How to Extract timeseries from gridded lat lon data (ERA5) in Python?


I have downloaded ERA5 global data which contains the following params:

  1. total precipitation
  2. snow fall
  3. cloud cover
  4. temperature at 2m

The data range is from Jan 2008 to Dec 2024.I am using xarray package in python to deal with netcdf files but I've been scratching my head this time looking at the data.

The issue is, the data is gridded by lat which means for every lat value there are multiple longitude values (-180 to +180) which means there are multiple dates for each lat, long (repeating dates)

is there any way to extract timeseries for Pakistan region along with latitude and longitude?

enter image description here

This is what the data look like

enter image description here

I am using the .sel() method from xarray but am feeling completely blank and have no clue what to do in this type of scenarios. I don't want to lose data points as I am trying to build a forecasting model.


Solution

  • First of all, you need to preprocess a little you dataset. Look at the coordinates. The latitude starts at 90º and ends at -90. Imagine you want to select latitude from 23.5° to 37° (which I think corresponds to Pakistan). If you try to select .sel(latitude=slice(23.5, 37)) you will obtain 0 dimensions because latitude goes from 90º to -90º.

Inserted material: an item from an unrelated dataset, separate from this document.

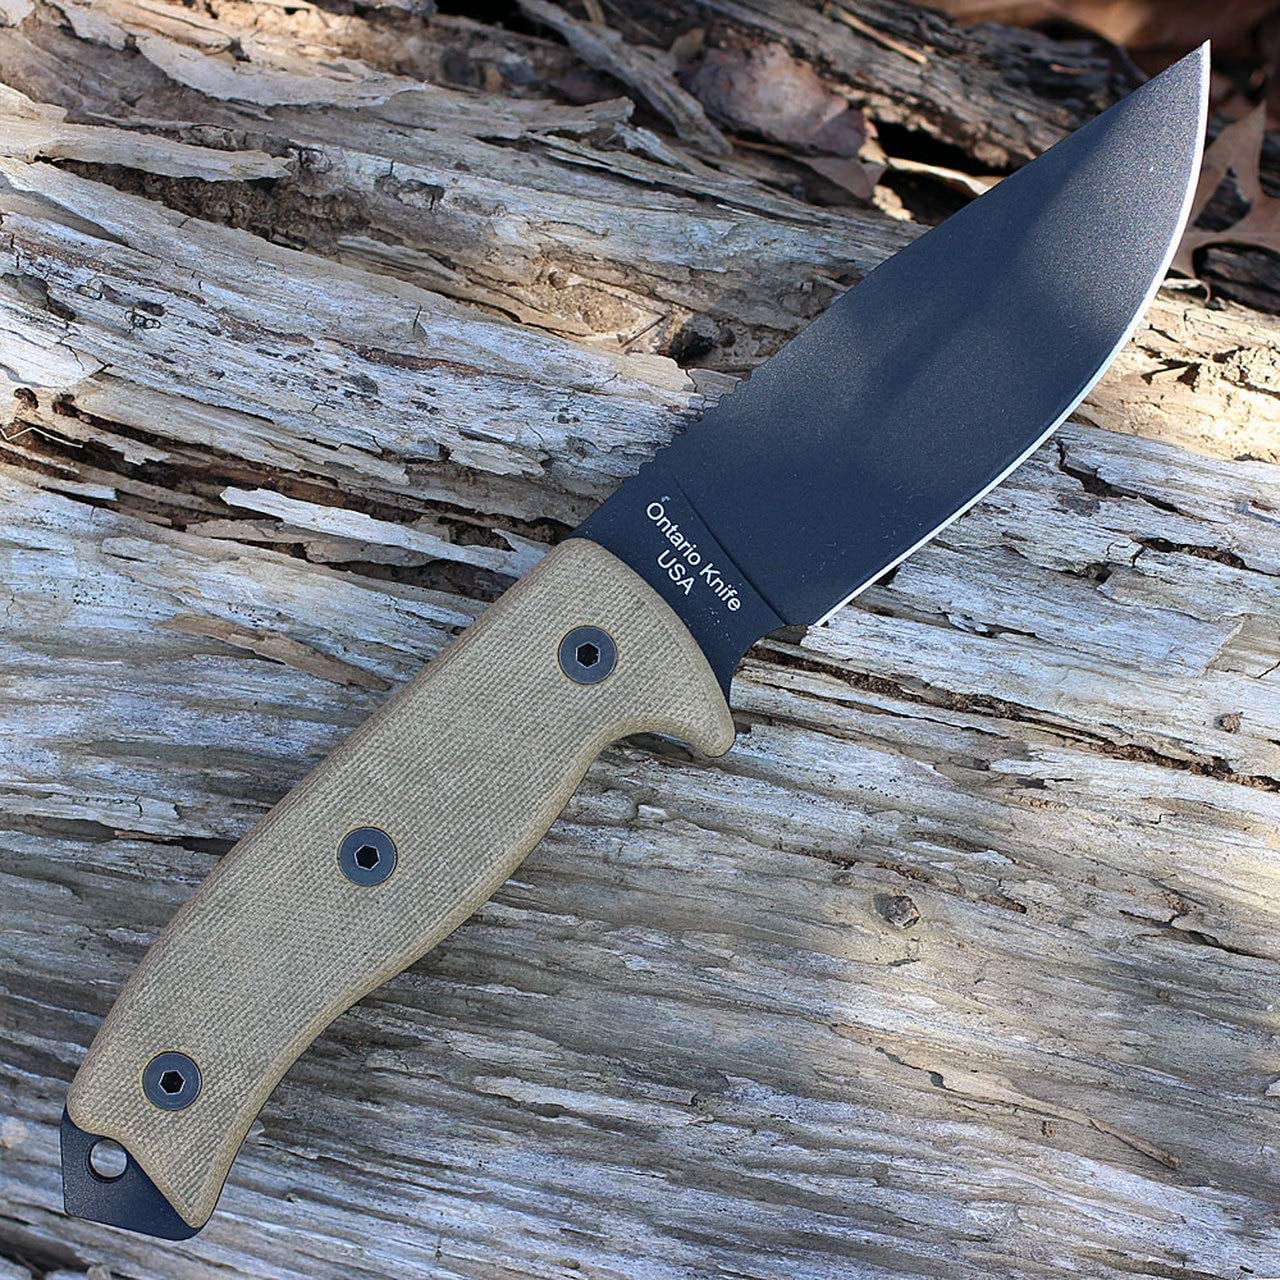 Couteau RAT 5 W avec étui Nylon - Ontario Knife

    You need first to sort the latitude dimension:

    data = data.sortby(data.latitude)
    

    Also, your longitude is between 0º and 360º, so I recommend you to change it to -180º to 180º using:

    data = data.assign_coords(longitude=(((data.longitude + 180) % 360) - 180))
    data = data.sortby(data.longitude)
    

    I think Pakistan is between 23.5°N to 37.0°N and 60.5°E to 77.5°E, but change the following code to the region you are interested in. To obtain the timeseries that you want you will need to:

    # Select region
    data_pak = data.sel(latitude=slice(23.5, 37.0), longitude=slice(60.5, 77.5))
    
    # Transform to dataframe and change dimensions
    stacked = data_pak.stack(latlon=('latitude', 'longitude'))
    df = stacked.to_dataframe()
    df_unstacked = df.unstack('latlon')
    df_unstacked.columns = [f'{var}_{lat}_{lon}' for var, lat, lon in df_unstacked.columns]
    df_result = df_unstacked.reset_index()
    

    And then, df_result is the result. If this doesn't work, you can try a more "manual" way to do it:

    # Select region
    data_pak = data.sel(latitude=slice(23.5, 37.0), longitude=slice(60.5, 77.5))
    
    # Transform to dataframe and change dimensions
    df = data_pak.to_dataframe()
    df['lat_lon'] = df.apply(lambda row: f"lat={row['lat']}lon={row['lon']}", axis=1)
    df_melted = df.melt(id_vars=['time', 'lat_lon'], value_vars=['expver', 'tp', 'e', 'sf'], var_name='variable', value_name='value')
    df_melted['new_col'] = df_melted['variable'] + "-" + df_melted['lat_lon']
    df_result = df_melted.pivot(index='time', columns='new_col', values='value')
    df_result.reset_index(inplace=True)